Небывалое… Ни с кем. Я 10 лет работала — такого не видала… Он требовал, чтобы тотчас же! Я ушла. Спала. И вся затихла как-то. И вдруг звонок (после 3-х дней покоя моего), — сестра Арнольда — моя подруга. Я ей сказала: «пойми, мне тяжело вас всех видеть, дай отболеть, не приходи!» — «Нет, Olga, необходимо, поверь, я не спроста». Она пришла. И умоляла, да умоляла понять ее отца: — тот, получив отказ, мой гордый отказ. — поехал к сыну. И тот ему сказал впервые в жизни: «уйди, не дам тебе ни Веру мою, ни Сердце!» Долго говорили, и — отец не «милостиво», а мило звал меня, упрашивал, молил приехать. Elisabeth мне показала его письмо к ней — ко мне он не решался. Боялся он за жизнь своего сына. Ар был тогда как мертвый весь. Много чего было! И. А. «позволил» мне («нашей русской Олечке») поехать. Но виза? Служба? Говорила Elisabeth. Служба? И этот странный отпуск (!), виза? Я ничего сама не хотела делать. Верру274 была у консула. И вот, обычно длилось 3–4 недели. А тут — 3 минуты. Это я приняла как знак! Я ехала на другой день к старику. Он мне прислал даже спальный билет II kl. Мы говорили много. Я его взяла совсем. Прямотой? Я не ломала себя. Была горда всем _Н_а_ш_и_м. И так и показала. И. А. хотела быть достойной. Меня он наставлял (* Первоначально не хотел «отдать им». Но узнав Арнольда — полюбил его и благословил.). Старик все понял. И… он, он, тот, который все расстроил, молил меня… не бросать сына…

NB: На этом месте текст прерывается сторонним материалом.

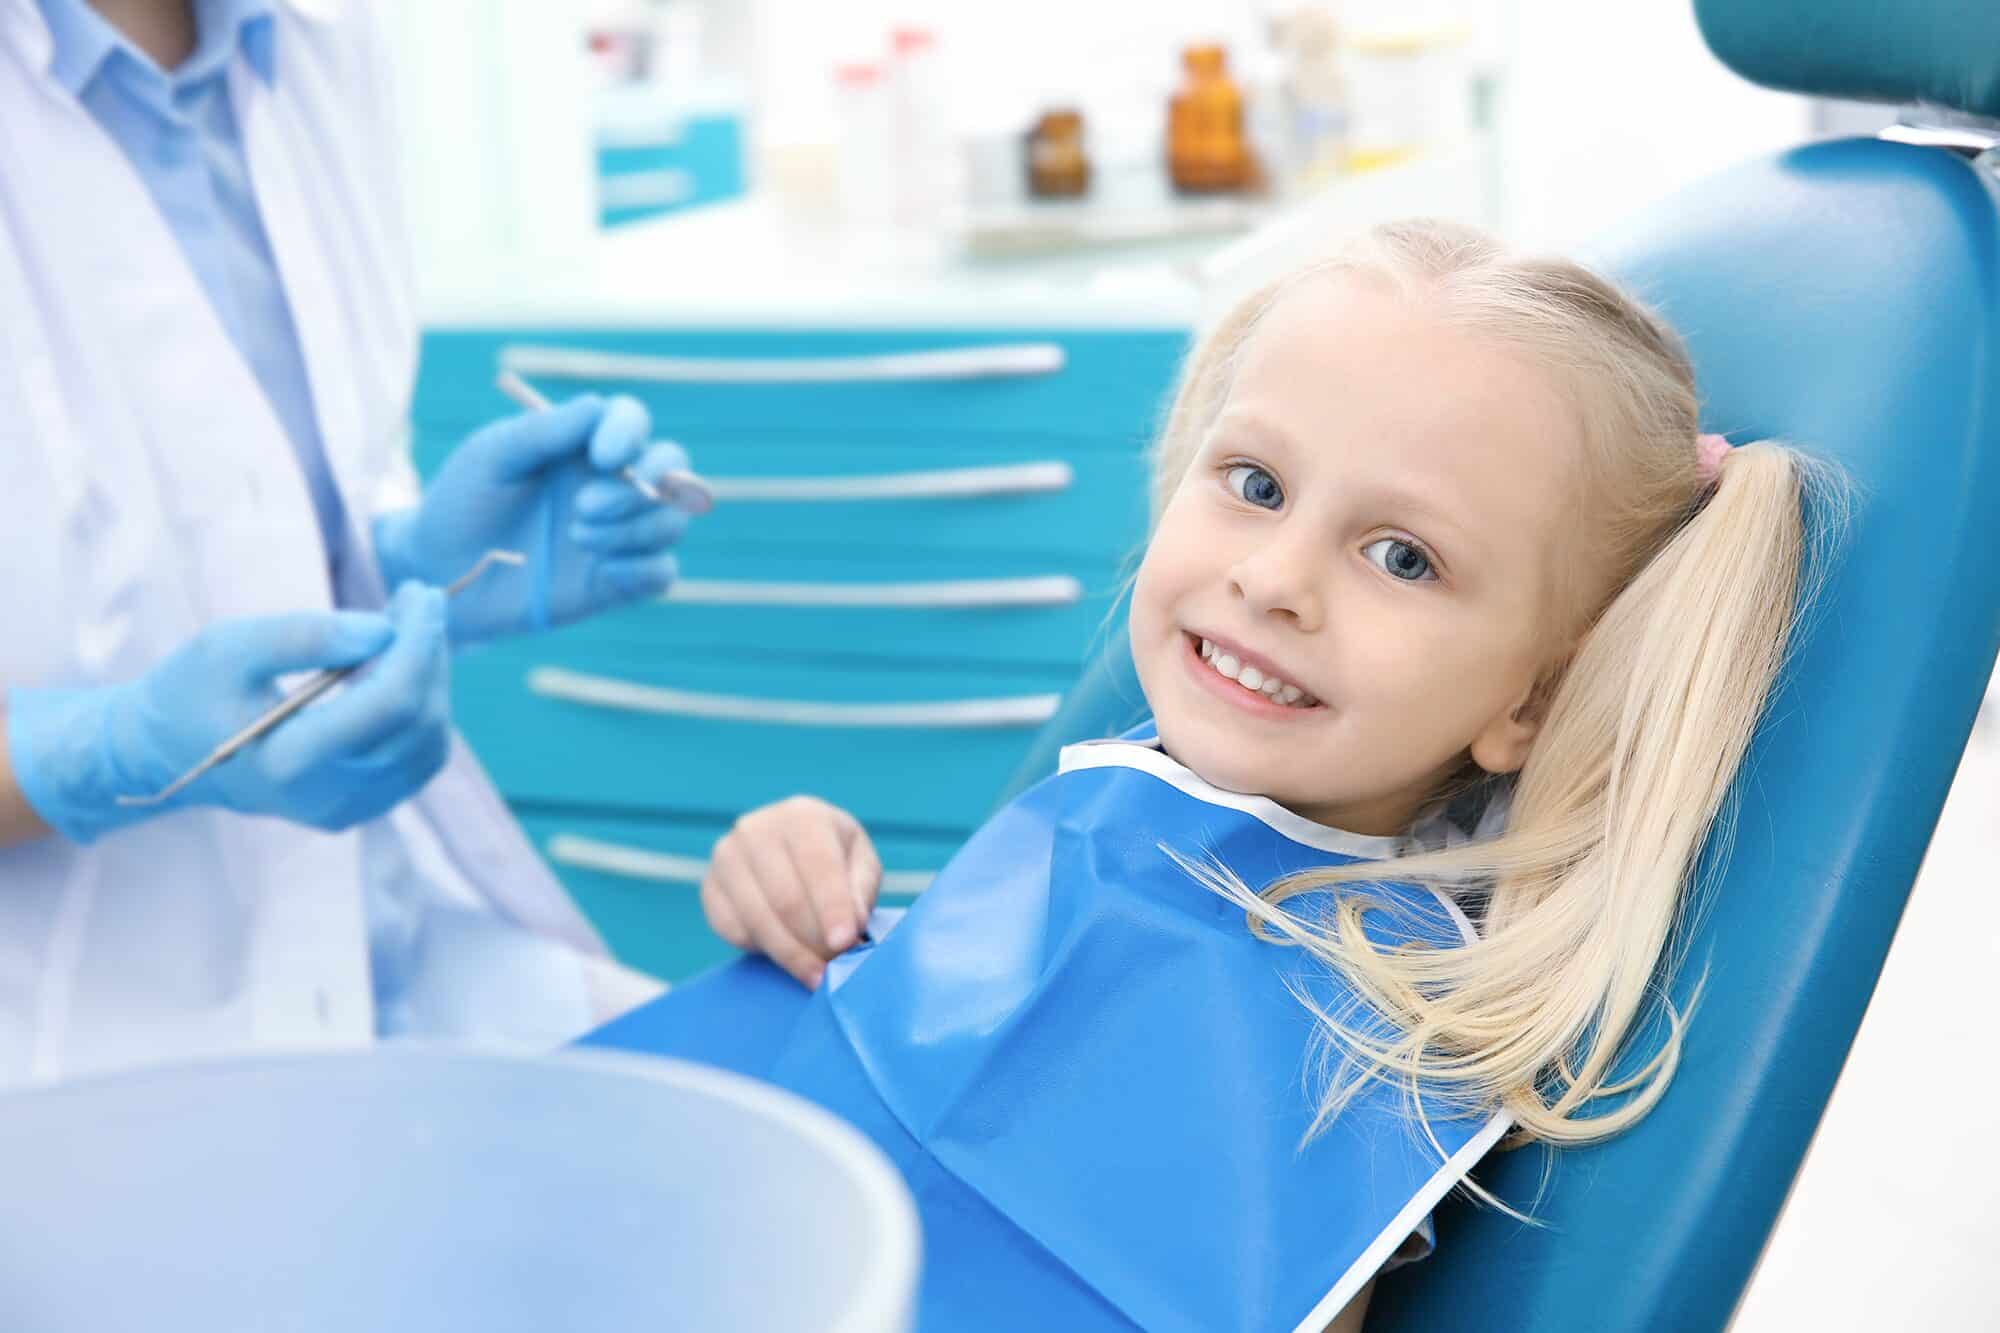 childrens dentistry kids dentist Dr. Justin Nylander. Allen Dentistry. General, Cosmetic, Restorative, Preventative Dentistry. Dentist in Allen, TX 75013

Каак он меня молил. Мне он открыл и свою душу, как он несчастен, не понят, никем, никем. И дети… дети все как чужие. Я много ему сказала Правды. Все понял. Пригласил меня на Рождество приехать, когда и сын будет. Ару я не писала больше. Ждала, что он. Волю его пытала. А он… он весь рухнул. Не рисковал писать. Как и все у него в жизни. Он «не имеет права на радость». «Жизнь — долг, обязанность». На Святках все и решилось. Я знала, что Ар без меня ничего бы не добился. Это не самомнение — это — правда. Это знает и его отец, и доктор, и сестра. На Пасхе было обручение официальное. А в ноябре 1937, 16-го числа — свадьба, — в Голландии — гражданская и в церкви, и 19-го ноября — в Берлине в соборе… Это и была — _с_в_а_д_ь_б_а. Скоро 4 года! Мы уехали в Югославию, оба искали наше, православное. Ар полон им! Женитьба дала ему уверенность в себе, хоть и немного. До этого… его торкали, смотрели, как на человека… ну, как на белую ворону. Многие из «р_о_д_а» знали его отношение к Бредиусам, а те, кто не знали — чувствовали, что он не «свой». С ним не считались. «Ну, что он может?» «Такую глупость и в профессии своей показал…» После женитьбы стали считаться. Я заставила. И православие поставила на высоту. Все приняли. Брат его, настолько не брал его в расчет, что серьезно думал у меня найти «тепленькое местечко». Я ласково и нежно… показала, что ошибся. Без слов, без указаний — понял. Влюблен… и только. Девочки у него постоянно — развлечется. Во время же нашей свадьбы, — было его чувство — очень… тревожно. На балу он даже мне почти прямо сказал. Бесился при мысли, что скоро мы вдвоем уедем. Тоже — чернил бы с радостью брата! И вот мы — вместе… Ты видишь — я «не отбилась от родимой стаи»… Тут все сложнее. И м. б. ты поймешь, что, оставаясь чудным человеком, тонким, (нет, не угрем, тинным), — Ар все же — вне жизни… Иногда мне очень с ним тяжело. Он — трудный. И жизни, Жизни — нет…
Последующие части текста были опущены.